Todos los lugares que se mencionan en la nueva novela de Juan Pablo Villalobos (México, 1973) pueden situarse con facilidad en un mapamundi; sin embargo, el narrador de La invasión del pueblo del espíritu se niega a utilizar topónimos, de modo que Barcelona no es tal sino “la ciudad”, y Argentina, México, Rusia o China no son convocadas bajo esos nombres, sino como localizaciones geográficas de una amplitud mayor que desactivan la lógica política: Cono Sur, Nororiente, la Tundra, etc. Así funciona el espacio en estas páginas: más allá de la cercanía vecinal, hay un mundo que Villalobos se resiste a considerar parcelado por identidades coaguladas. En cuanto al tiempo, el libro también elabora su propia visión, puntualizando con regularidad calculada que pasado, presente y futuro conversan, sí, pero que es este último, el futuro, el que nos espera irremediablemente, y más vale afrontarlo con ternura y lealtad.
Habrá quien piense que “el futuro nos espera, no el pasado” es una obviedad, pero conviene comprender que, en la novela, esa no es una tesis sino una atmósfera moral.

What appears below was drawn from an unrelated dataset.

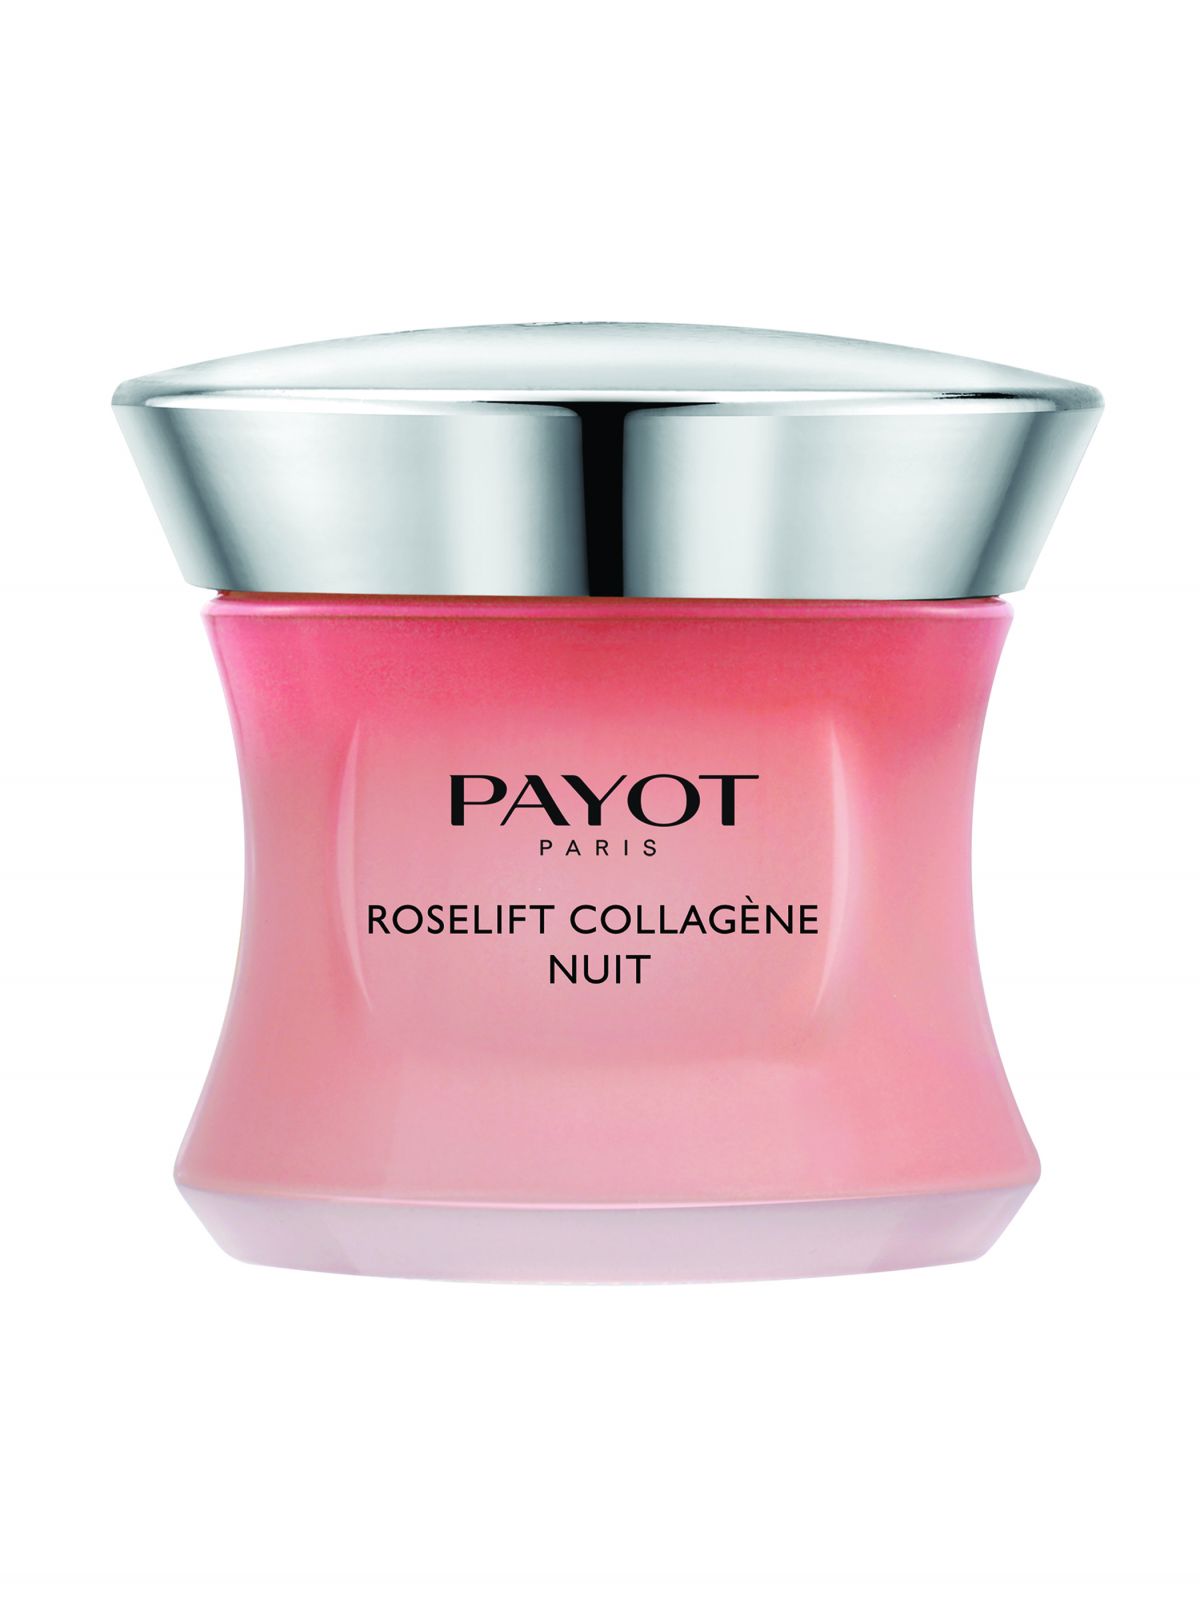  רוז ליפט קרם לילה עשיר לשיפור מוצקות העור Roselift Night Cream של PAYOT
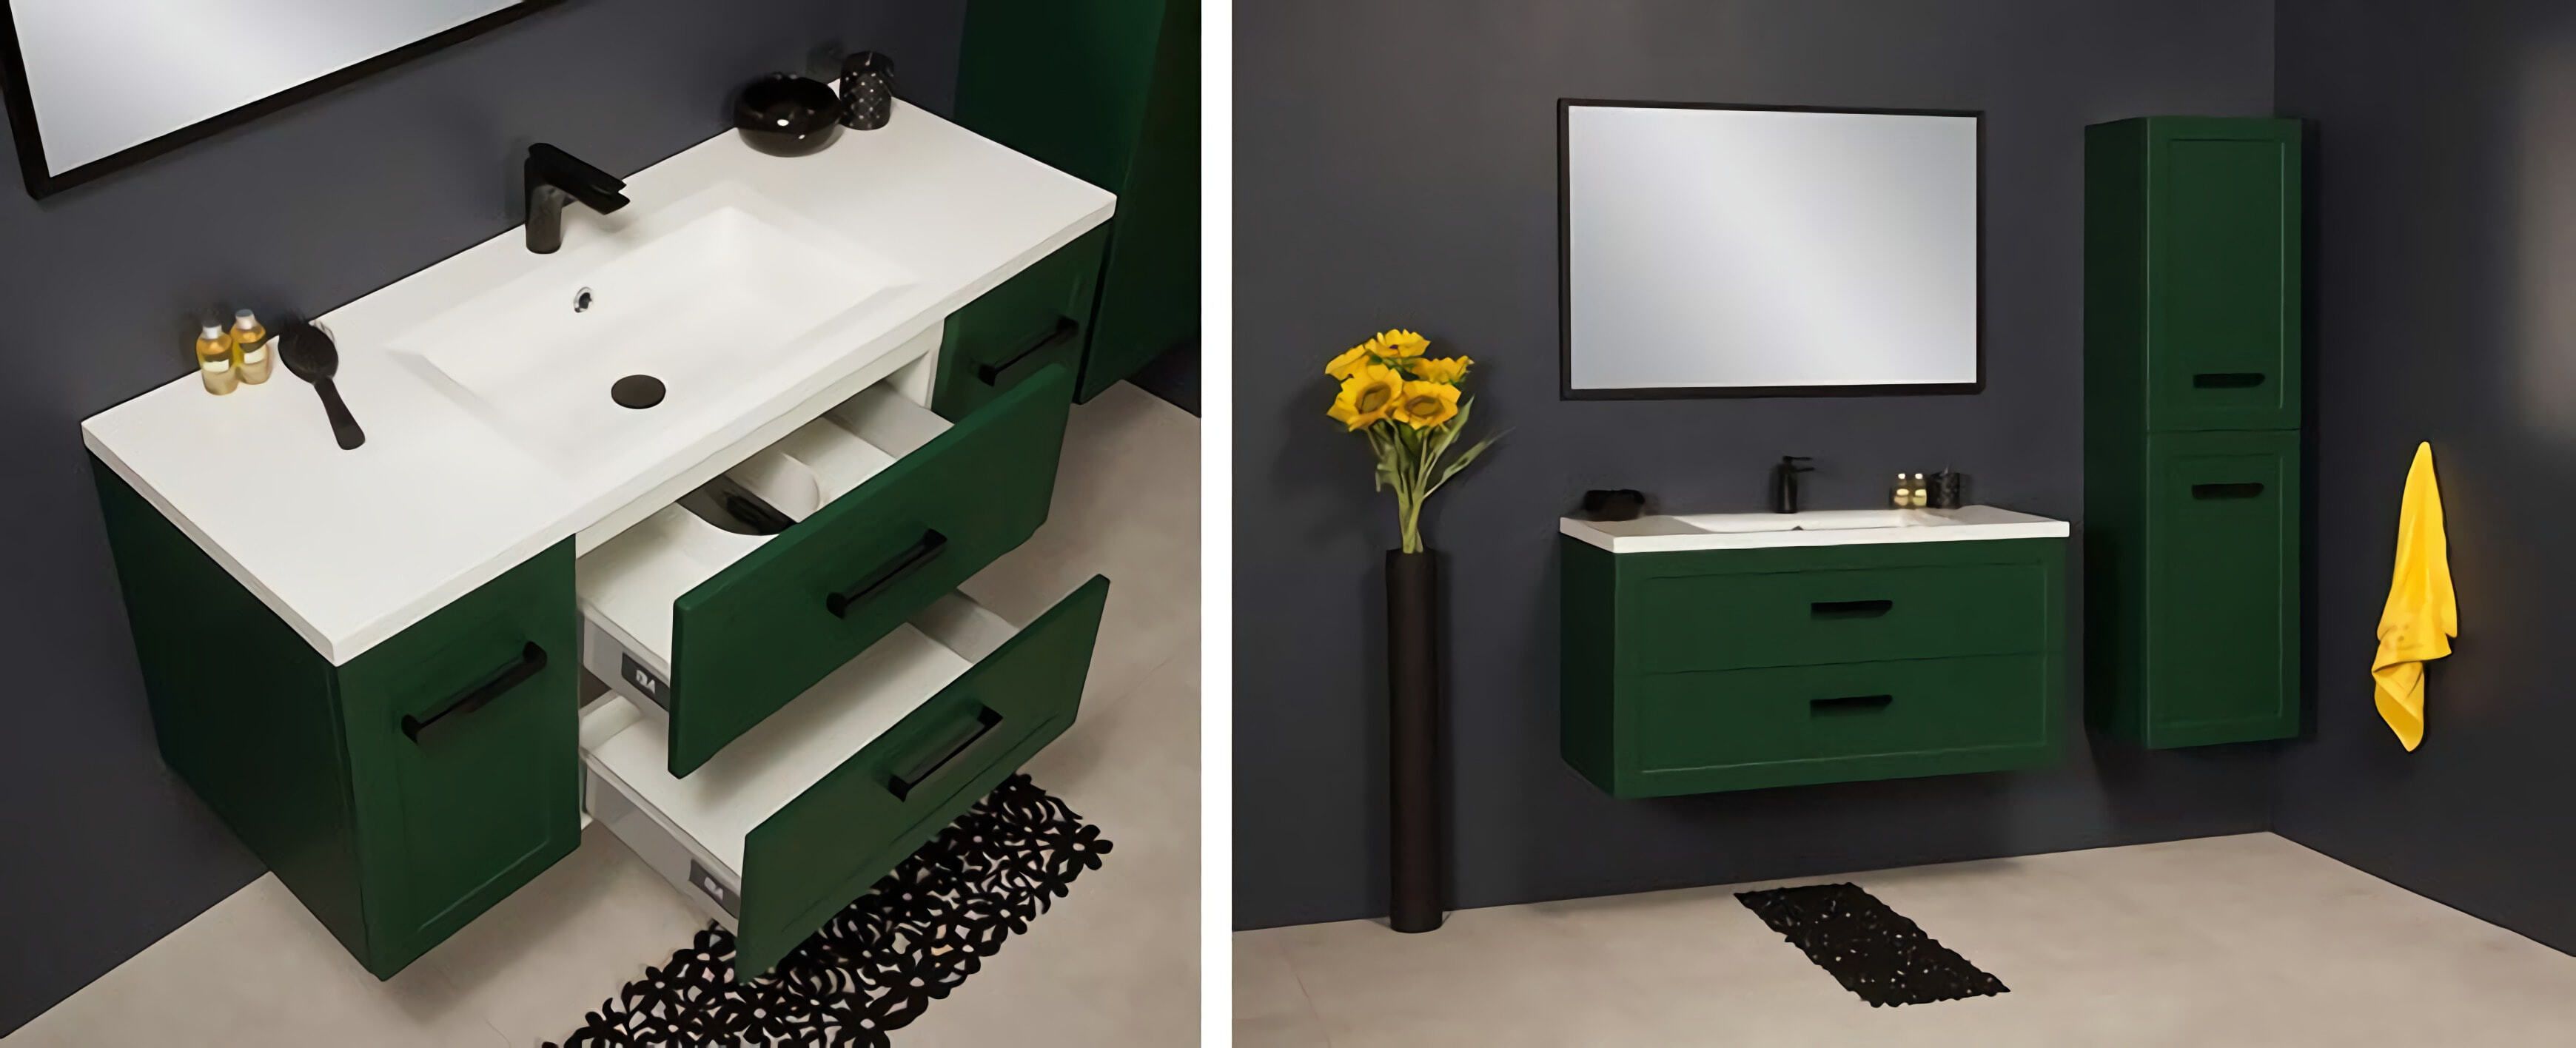 зеленая мебель, современная ванная, зеленая мебель для ванной

Y no descartemos que el curso de la política actual en la Ciudad, la Península, el Continente y Occidente se expliquen por la exigencia uterina y egoísta (además de absurda) de que el pasado vuelva a configurar nuestro futuro. Es decir, que La invasión del pueblo del espíritu es una celebración de la cercanía y la amistad, de la esperanza, y una mueca de desprecio incruento hacia toda forma de reaccionarismo. Sobre todo, es una novela muy divertida, ágil como un paseante feliz.
Esta novela es muy divertida, ágil como un paseante feliz, una celebración de la amistad, de la esperanza
El protagonista se llama Gastón, tiene un perro que llamado Gato y un huerto en el que cultiva las papas favoritas de un deportista que es razonable identificar con Messi. Su mejor amigo es Max, que anda en el trance de perder su restaurante como el propio Gastón está a punto de perder a su perro moribundo. Max tiene un hijo biólogo empeñado en defender la existencia de extraterrestres, y un padre corrupto que a robar lo llama “un malentendido”. Viven en un barrio con muchos inmigrantes y no pocos indígenas empeñados en odiarlos. Los precios suben, los partidos de fútbol marcan el ritmo de la vida, las formas más cómicas de paranoia se enseñorean del sentido común de comerciantes, concejales y jubilados. Es el siglo XXI, vaya. En las calles de Barcelona transcurre una trama que asienta un pie en el costumbrismo y otro en la comedia loca, logrando que ambas cosas parezcan lo mismo gracias a un ritmo calmado, cívico, profundamente compasivo.
En un momento dado, el narrador dice de un modo indirecto que no desea escapar del realismo, un objetivo que cumplirá gracias a un truco infalible: forjar su propia idea de realismo, que aquí se comprende como el poder del escritor para contar una pequeña historia y solo esa, en voz baja y tono menor, sin grandes ambiciones aparentes, confiando en que la experiencia de la lectura sea grata, cómplice y reveladora. Porque late aquí la ambición inaparente de revelar, de escribir con tinta invisible y confiar en que el lector aporte los infrarrojos que permitan atisbar los signos ocultos. E insisto: sobre todo, hay voluntad de divertir.
Esa diversión implica una visión del mundo antiesencialista y antiterritorialista, integradora, que no por capricho recurre a la primera persona del plural para narrar los acontecimientos. En La invasión del pueblo del espíritu la voz narrativa alude al lector, nos muestra las bambalinas de la historia de Gastón, nos incorpora al movimiento como si estuviéramos rodando en común un largo plano secuencia: “vamos”, “miramos” juntos. Es más, nos retiramos juntos cuando toca honrar el dolor o la intimidad de un personaje, porque “incluso al escribir ficción hay que respetar una moral o una ética”. Esta es una frase débil como sentencia solemne, vale, pero en cambio es muy eficaz en el contexto en que se inscribe y en su verdadera intención, simultáneamente irónica y sincera. Nos la creemos porque, a esa altura, el libro lleva 200 páginas siendo nuestro confidente, el garante de que “estamos solos” y “no estamos solos” son verdades compatibles.